Welcome to the first CSS3 tutorial. Here you will learn the basics of the new and improved CSS3. CSS3 is an extension of CSS2, so it is required that you already have a good understanding of CSS to understand this tutorial.

Today we will be going over four of the most useful new features of CSS3, text-shadow, box-shadow, border-radius, and rgba color. By the end of this tutorial you should understand how these tags work as well as have a basic understanding of the new tools in CSS3.

Prerequisites

For this tutorial it is recommended that you have:


Contents

  1. The basics of CSS3
  2. text-shadow
  3. box-shadow
  4. border-radius
  5. rgba color
  6. Try It Yourself
  7. Quiz

The Basics of CSS3

The basics of CSS3 are the same as in CSS2. If you have a strong understanding of CSS2, you should have no trouble diving into CSS3. Please note that CSS3 is new, so much of the new CSS3 styles will not work in old browsers. For compatibility you should always test your CSS3 styles in old browsers, and make backup code accordingly.


text-shadow.

The first CSS class we will be working with is the text-shadow class. Just as it sounds the text-shadow class will add drop shadows to your text. Obviously you wouldn't use this on body content but text-shadow can be very useful for headers and other short phrases.
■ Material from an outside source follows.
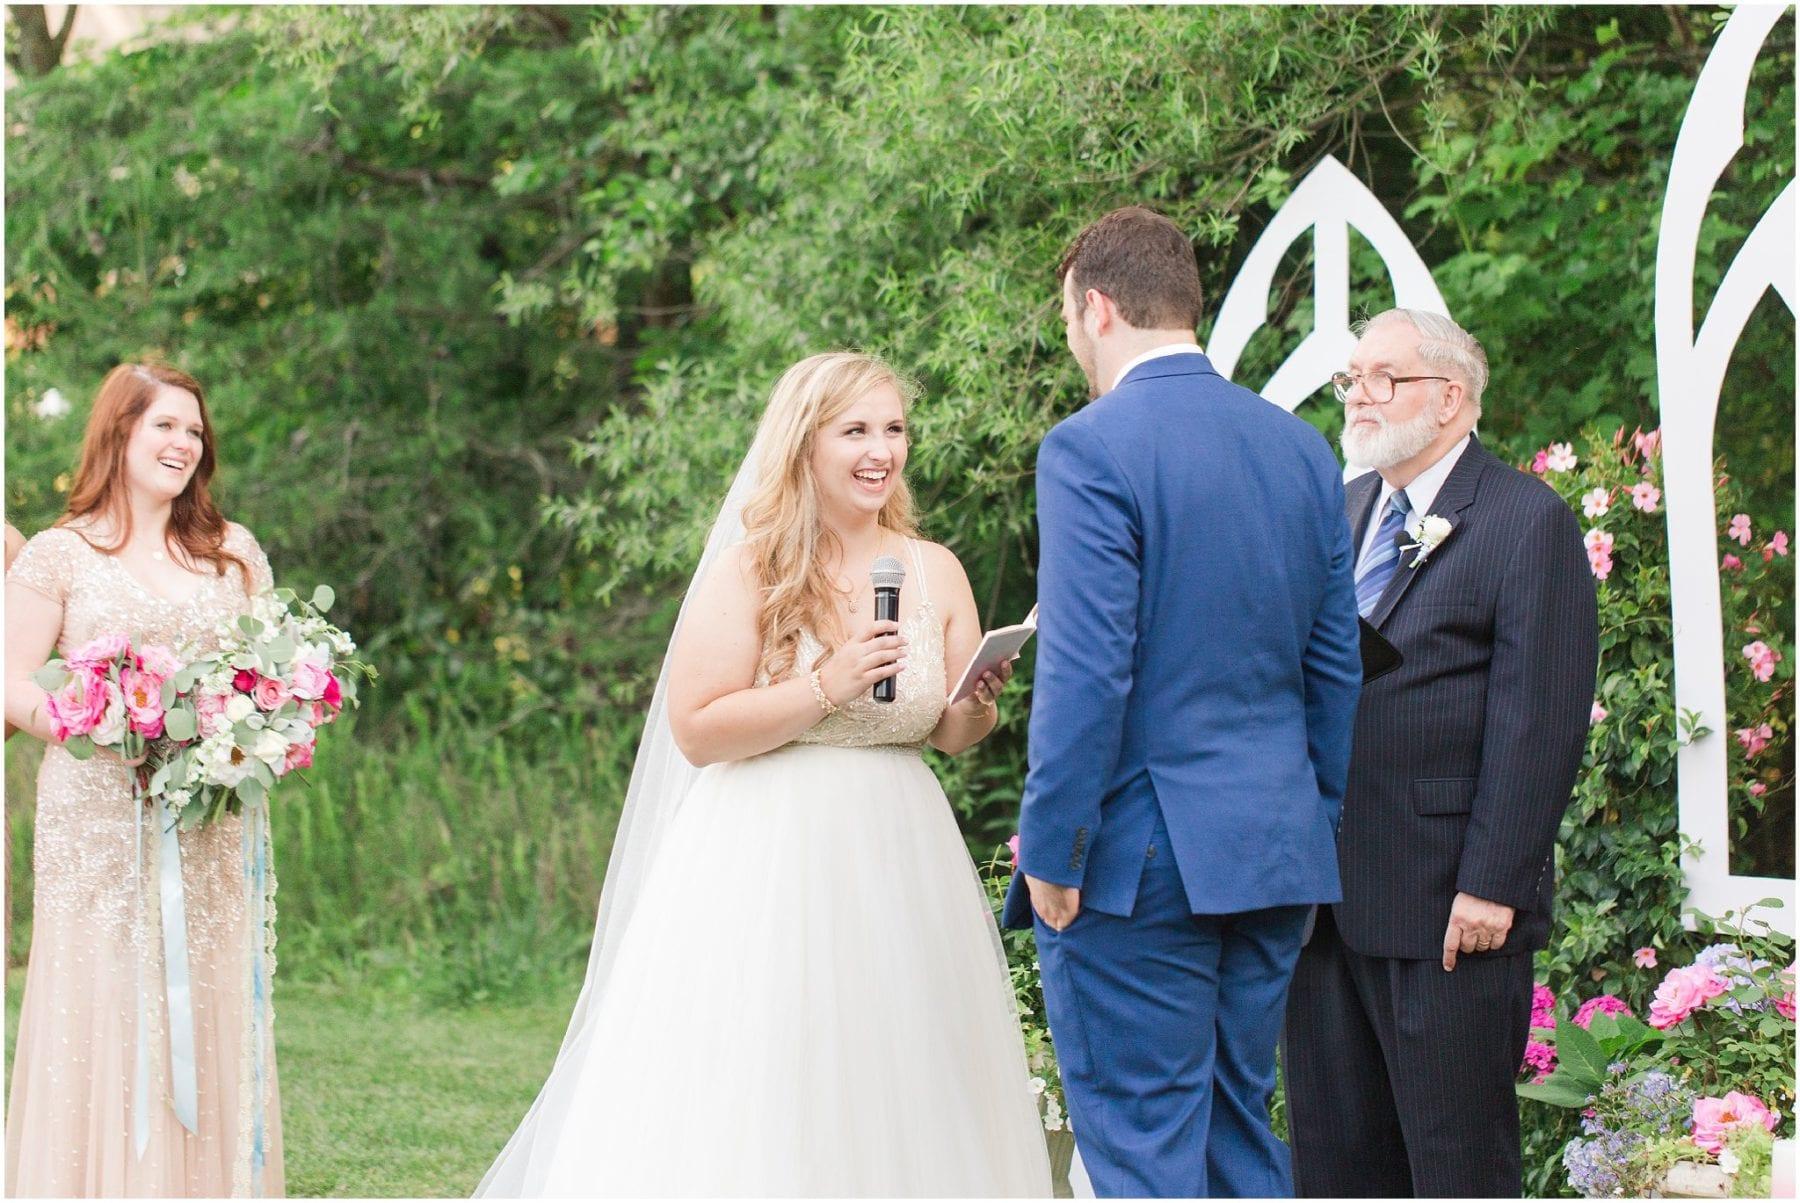 Maryland Backyard Wedding Photos Kelly & Zach Megan Kelsey Photography-232.jpg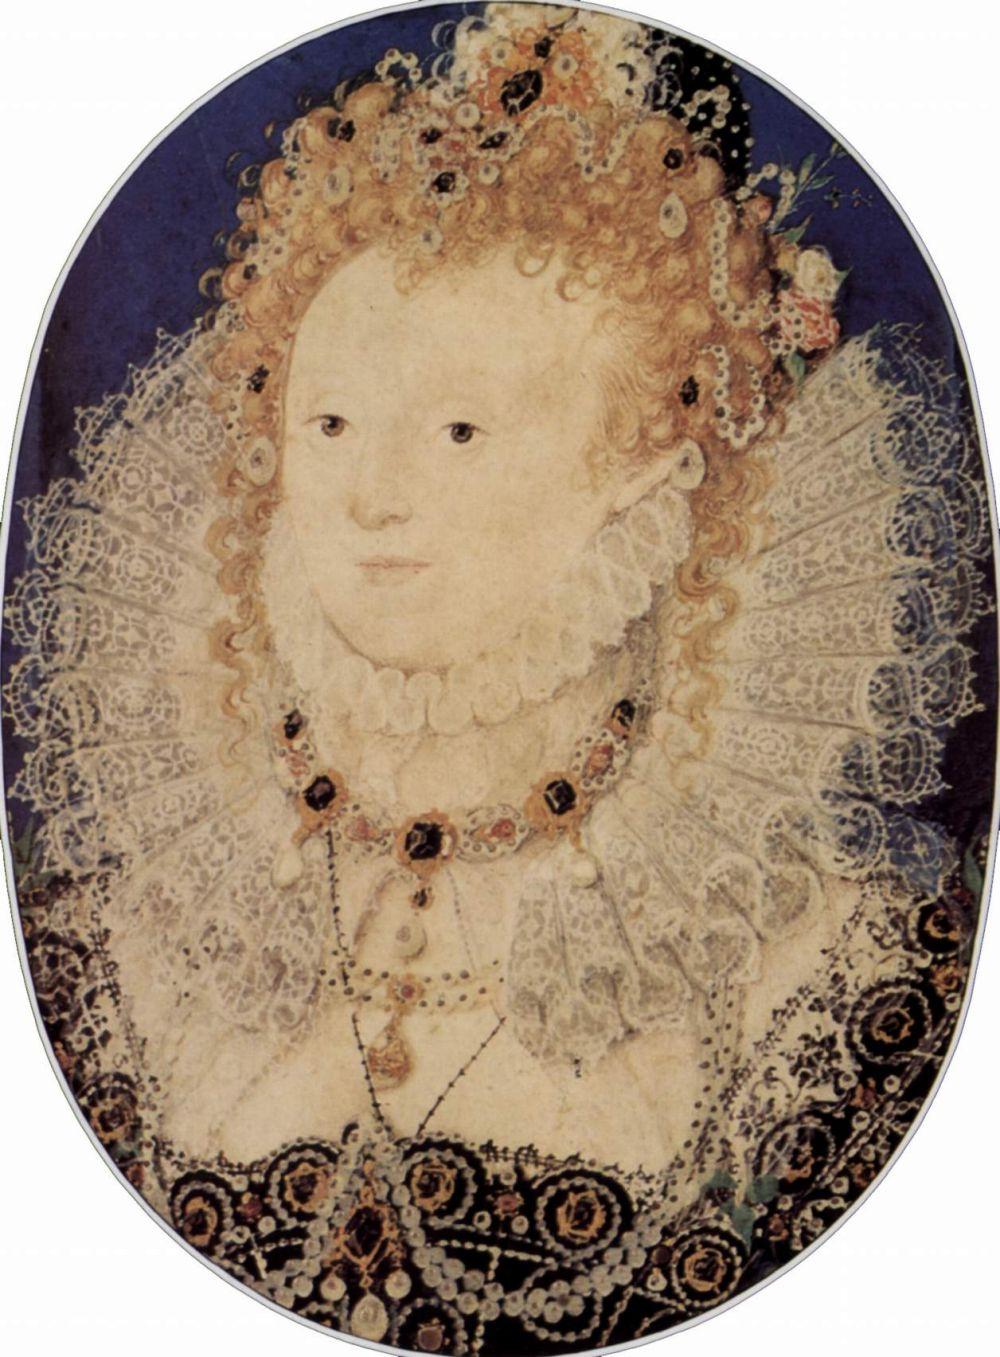 Nicolas Hilliard. Portrait of Elizabeth I, Queen of England

The syntax for text-shadow used to vary depending on browsers and needed extra code to work, but as CSS3 became more defined the extra code is no longer needed. Now the code is pretty simple. Here is a sample.



text-shadow: 2px 2px 2px #000;

The numbers simply define how far away from the words, how thick, how blurry, and what color the shadow should be. If all you need is a simple drop shadow, with CSS3 you should always use text-shadow instead of an image. Search engines use the text on your page to place your page better in searches, text helps much more than an image would.


box-shadow

box-shadow, as the name implies, is a new CSS3 class that allows drop shadows to be placed on any block content. Meaning that now you can place a drop shadow on an image without the need of Photoshop. Also you can give a div a background color, and place a shadow on that, effectively giving you a nice looking background.

The syntax is identical to that of text-shadow, simply with box-shadow instead.

box-shadow: 2px 2px 2px #000; 

The numbers simply define how far away from the words, how thick, how blurry, and what color the shadow should be.


border-radius

The border-radius class is one of the most useful classes that has been added to CSS3. With the border-radius class you can now round those ugly pointed corners right in your code.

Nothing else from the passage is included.